• **GIVEN RECORDS**:
——
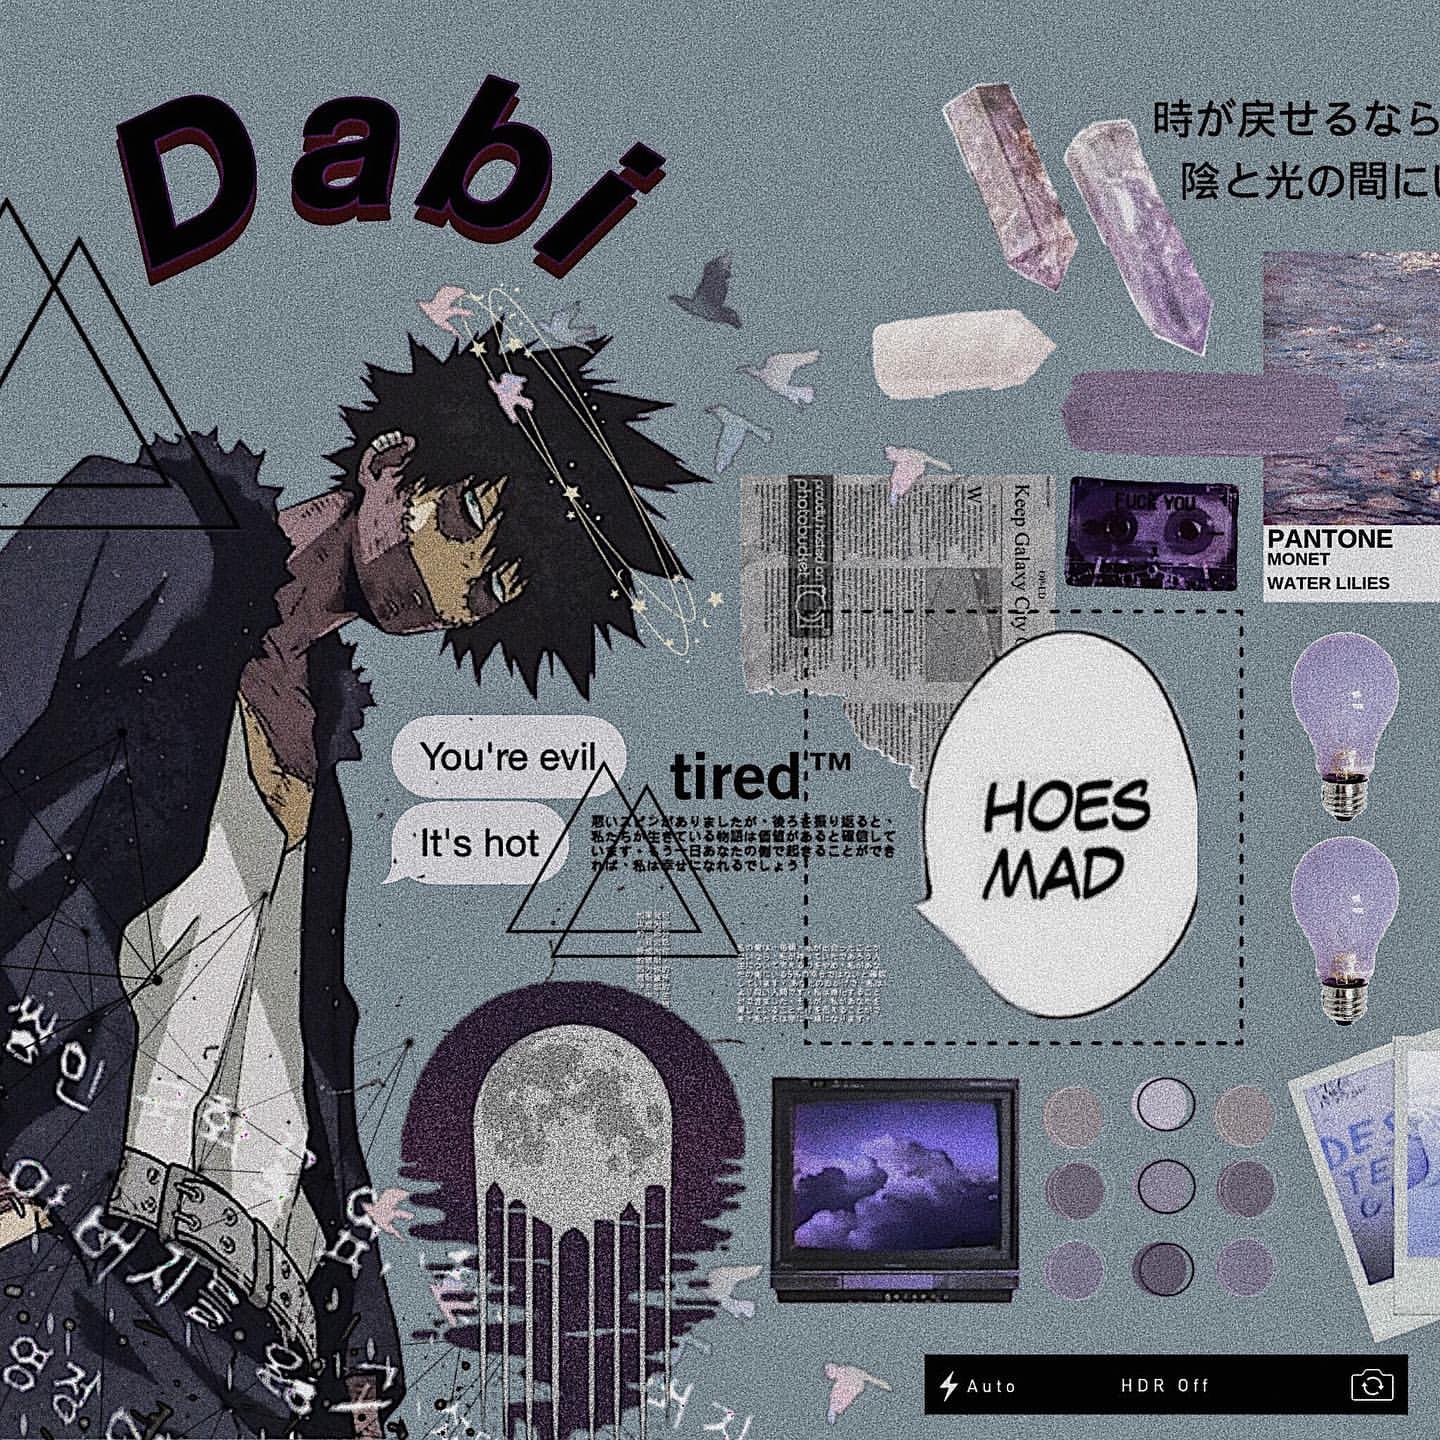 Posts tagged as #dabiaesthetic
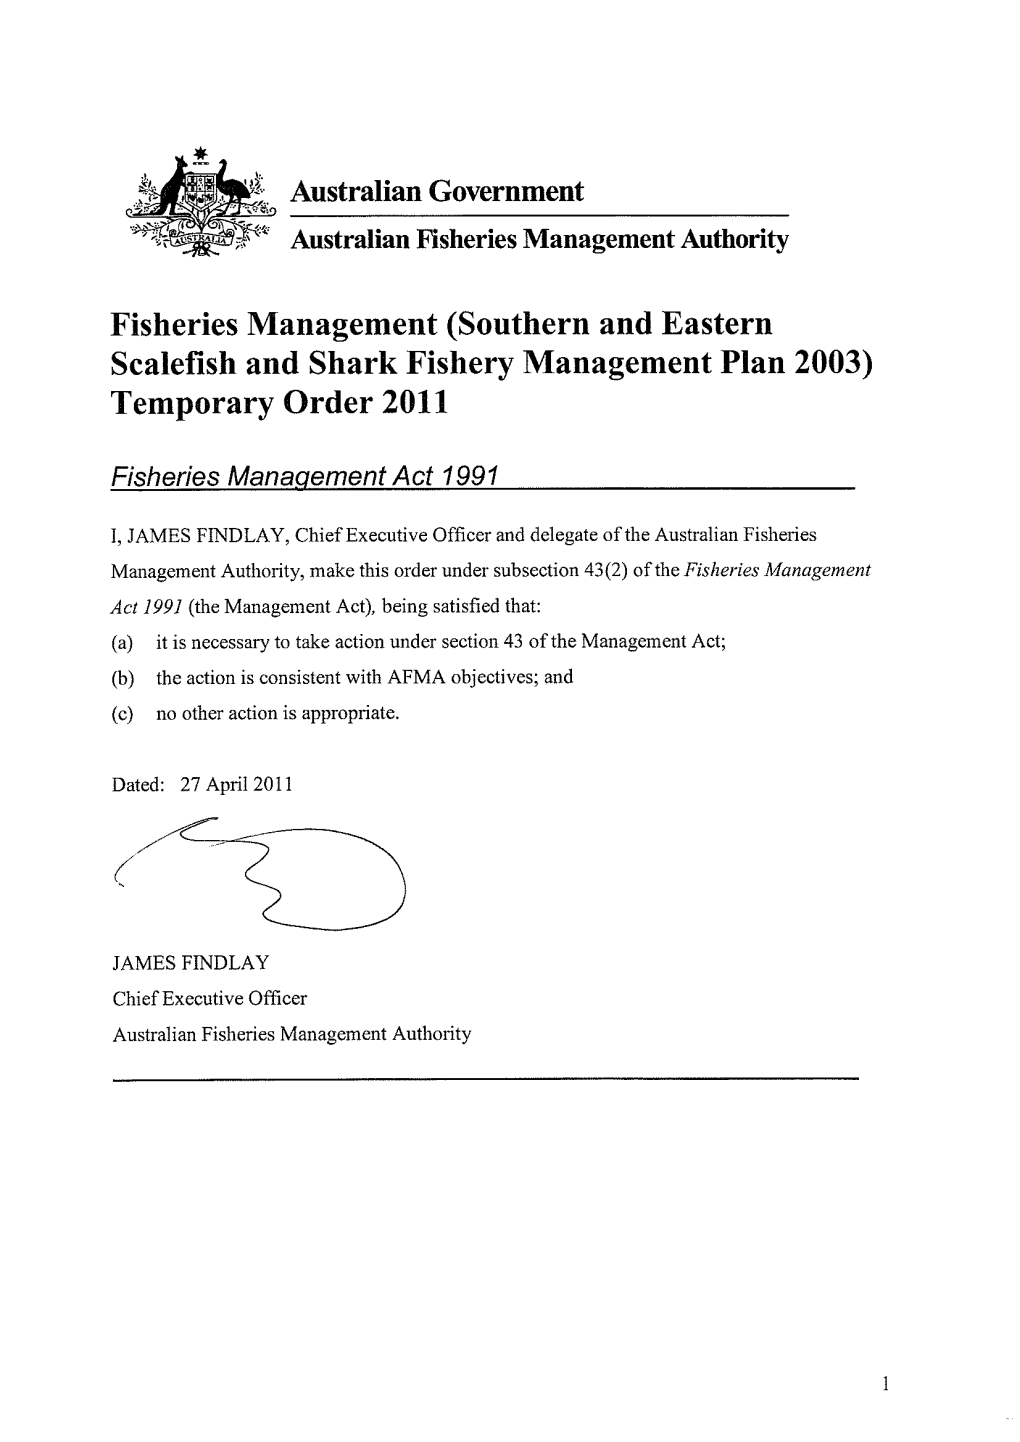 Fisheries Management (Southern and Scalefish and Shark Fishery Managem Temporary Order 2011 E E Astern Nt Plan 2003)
——
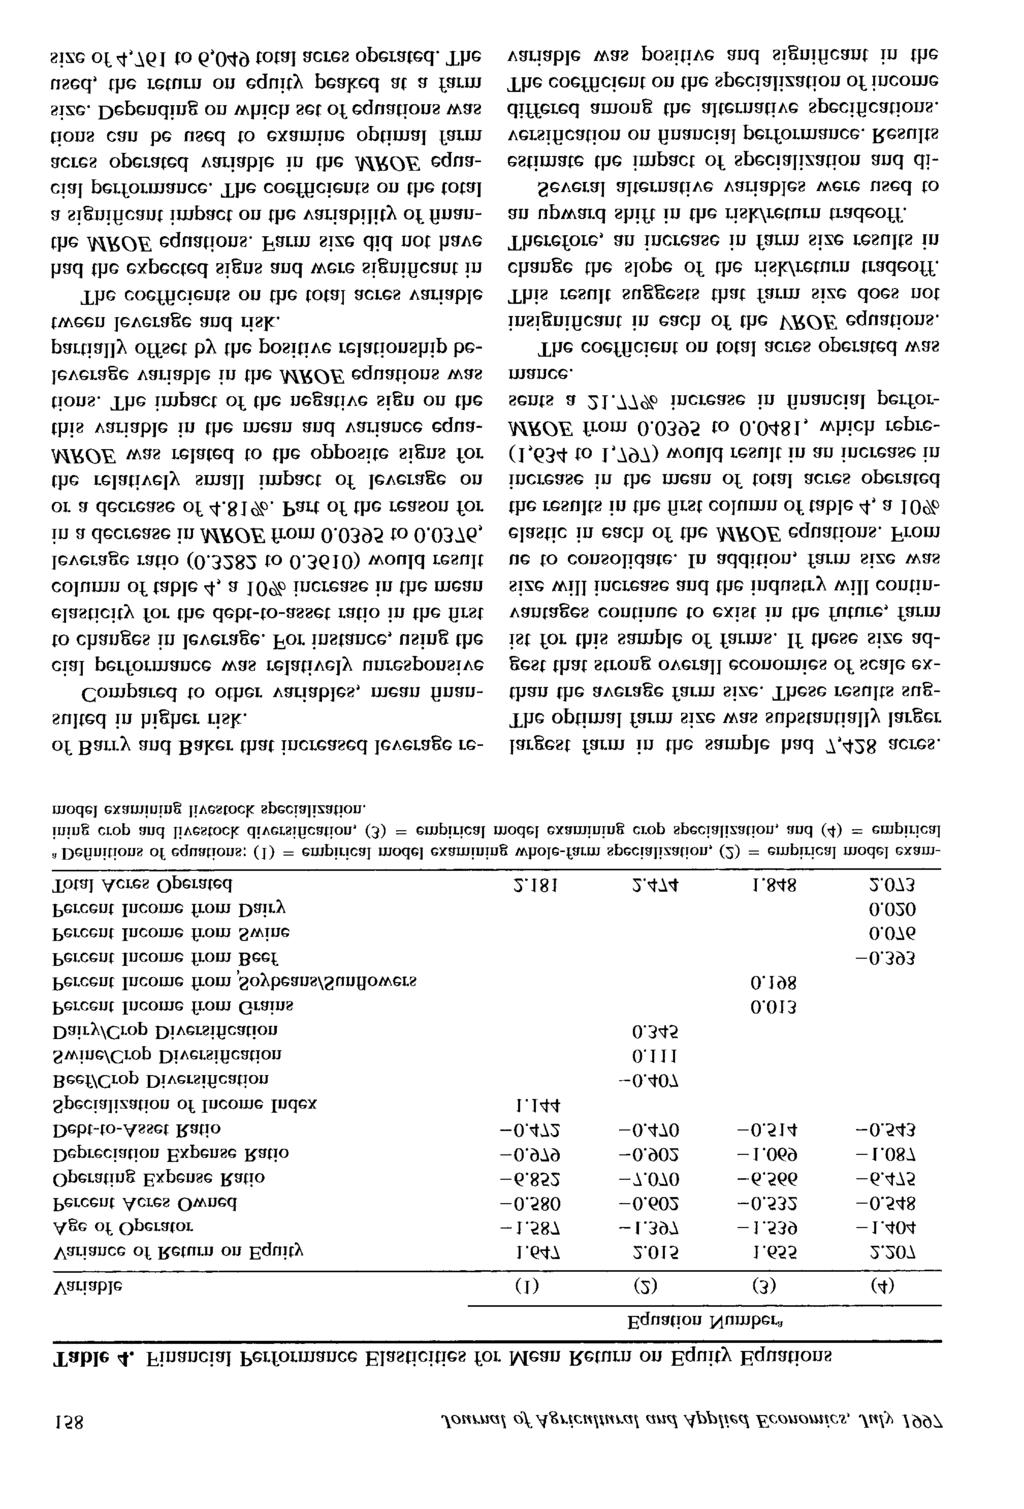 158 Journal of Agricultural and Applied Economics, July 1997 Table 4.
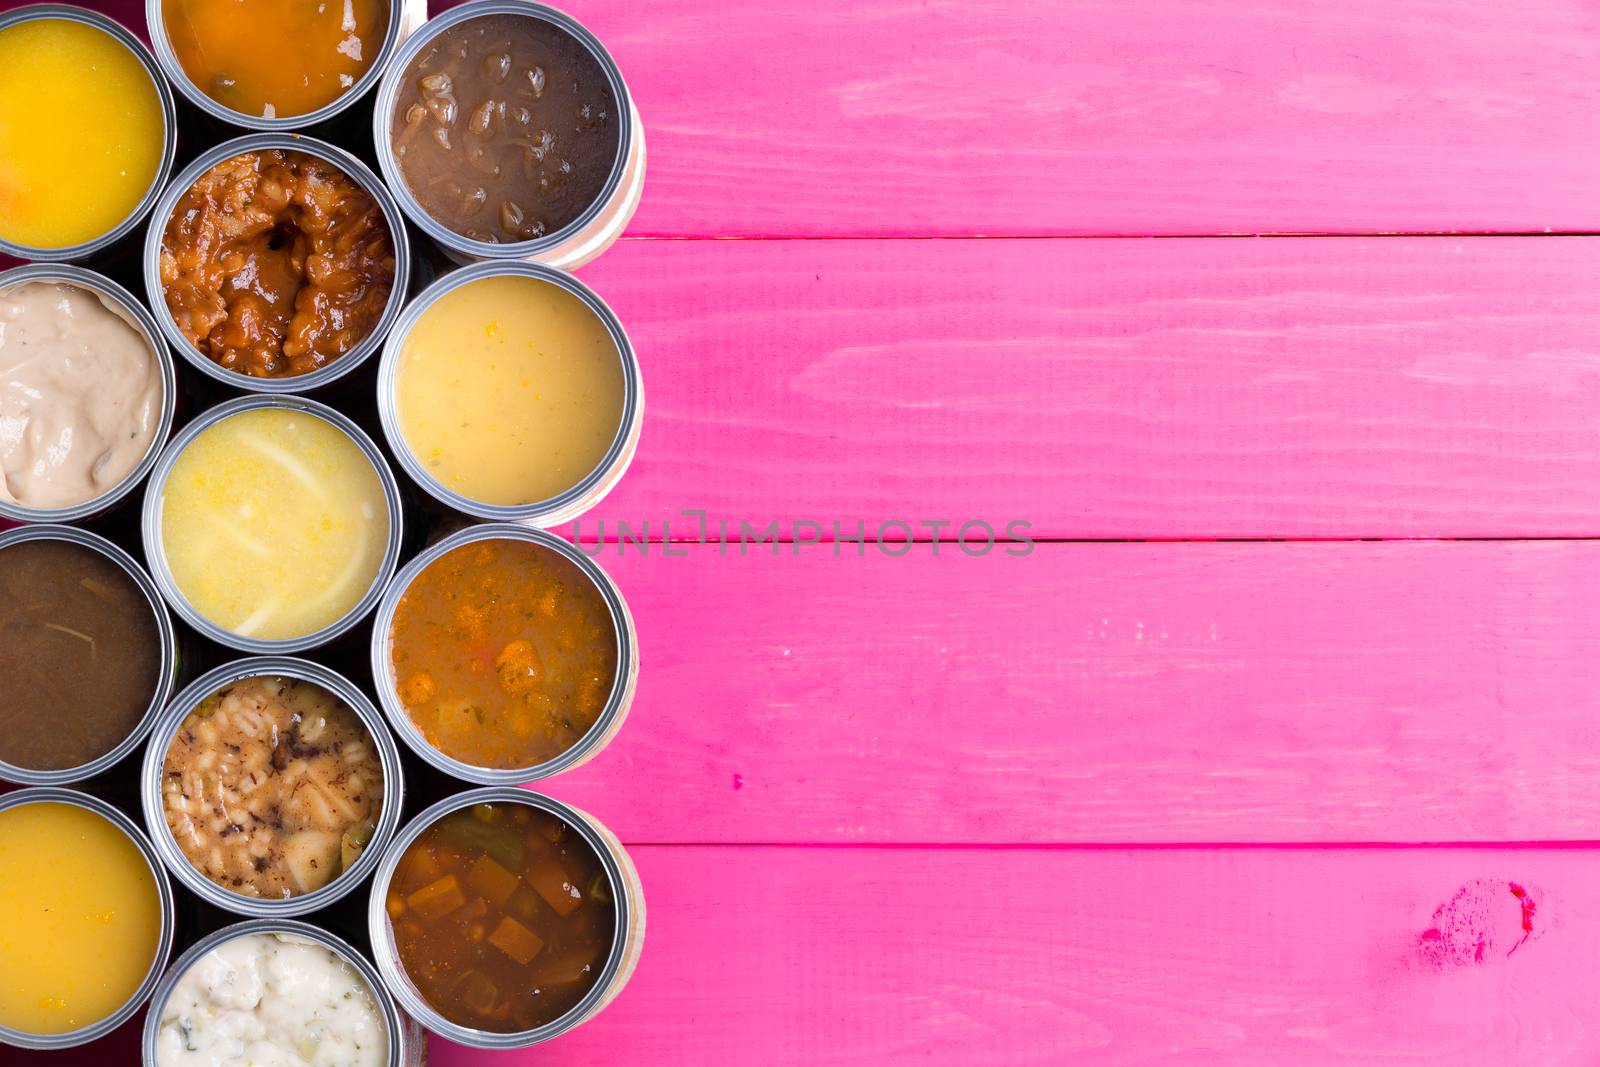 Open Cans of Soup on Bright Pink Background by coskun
——
Using the records above, print exactly the run of lines that starts with the line with "Posts tagged as #dabiaesthetic" and goes on through the line with "Fisheries Management (Southern", pictures excluded.

• **ANSWER SECTION**:
 Posts tagged as #dabiaesthetic
 Fisheries Management (Southern and Scalefish and Shark Fishery Managem Temporary Order 2011 E E Astern Nt Plan 2003)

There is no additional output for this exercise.